For the past ten years, Roquentin has been researching the Marquis de Rollebon, a French aristocrat who lived during the French Revolution. Rollebon was originally from Bouville so Roquentin moved there to complete his research and write a book about him. But his feelings of Nausea soon extend to his research. Whenever he looks in a mirror, he is not sure if he sees his own face or Rollebon's. He soon loses interest in his work, realizing that he can never understand Rollebon as if he were still alive. Roquentin feels constrained by the past, choosing instead to live in the present.

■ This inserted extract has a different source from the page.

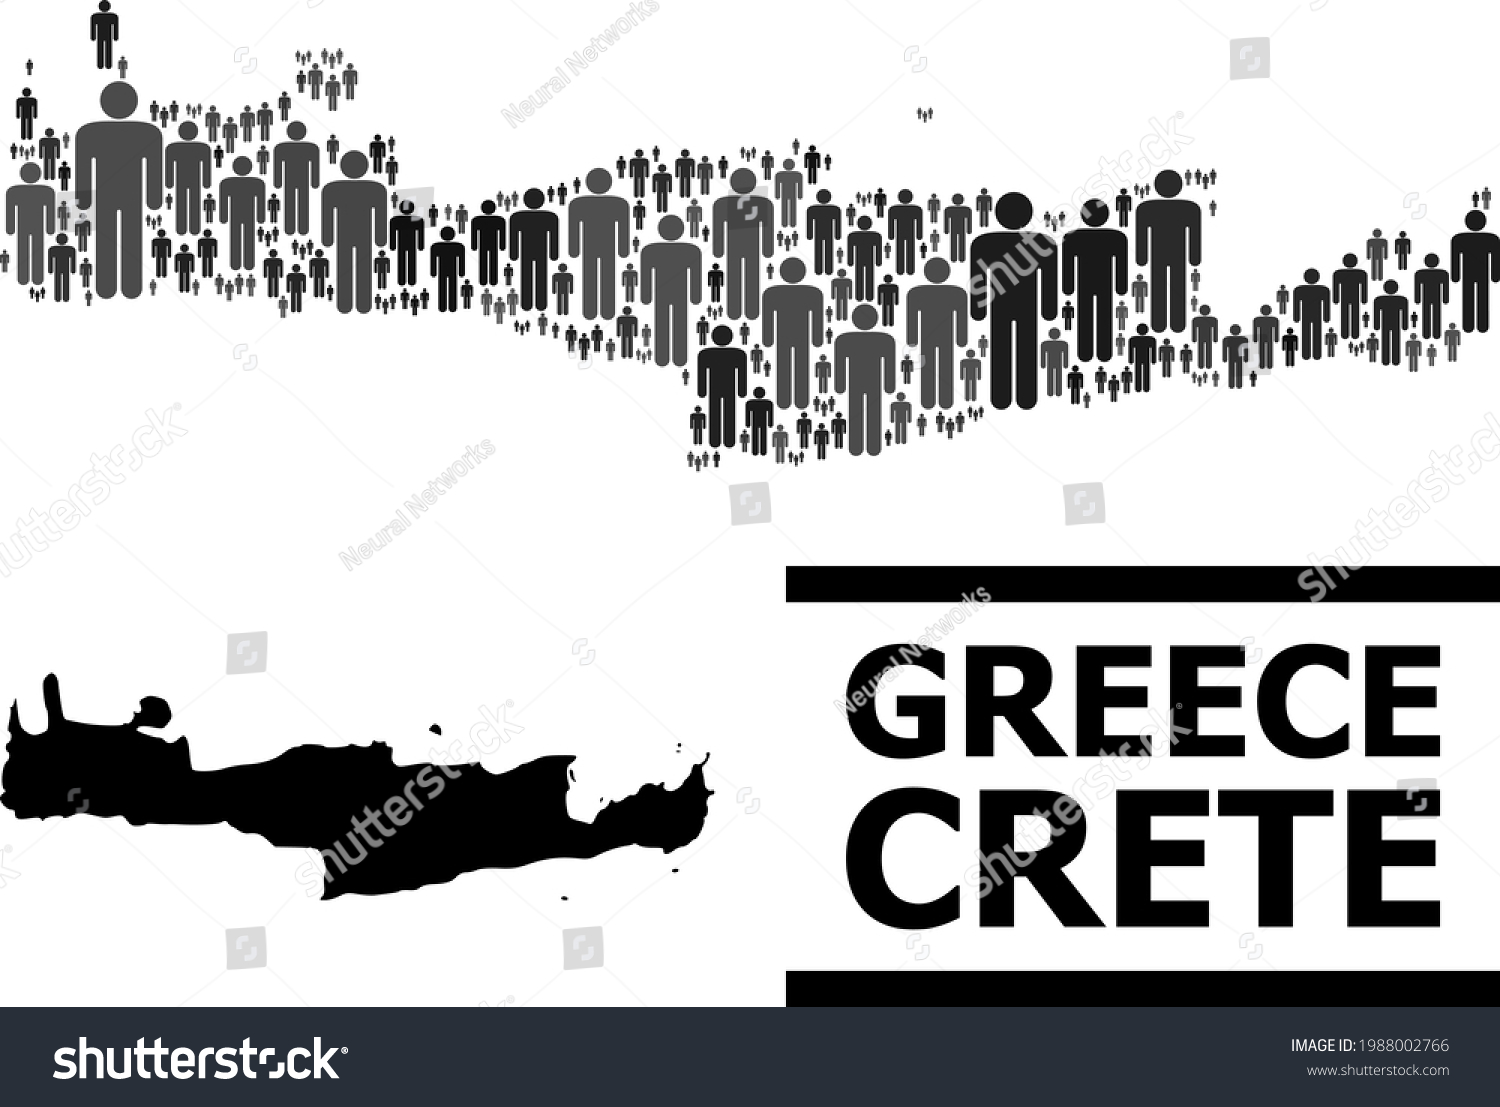 SVG of Map of Crete Island for national projects. Vector nation collage. Concept map of Crete Island organized of human pictograms. Demographic concept in dark grey color hues. svg

Roquentin begins to understand that his feelings of Nausea have something to do with the question of existence. He realizes that he had been using Rollebon and the past in general to justify his own existence. Roquentin defiantly asserts his own existence, claiming that everyone else he sees is afraid to acknowledge that they exist. Focusing on the existence of objects and people, Roquentin discovers that "existence precedes essence." Looking at the root of a chestnut tree, he realizes that his perception of the root's essence, or its physical characteristics, in fact hides the truth of the object's existence. The comforting facade of tastes, colors, smells, weight, and appearance are thus the creation of the observer. Looking through the essence of objects, Roquentin is confronted with the bare existence of things, and thus the source of his Nausea.

Roquentin visits his ex-lover Anny in Paris. He had hoped that they would get back together, but is disappointed to find that they do not communicate very well. He vainly attempts to explain his feelings of Nausea to Anny, but she does not understand. They part, knowing that they will never see each other again. Back in Bouville, Roquentin resolves to free himself from the past by embracing his existence in the present. He tries to explain his views to the Self-Taught Man, a lonely cafe acquaintance, but he cannot persuade him that human love is just an essence, and that there is no purpose to existence, only "nothingness." Despite his despair and abandoning his research, Roquentin chooses to move to Paris and write a novel.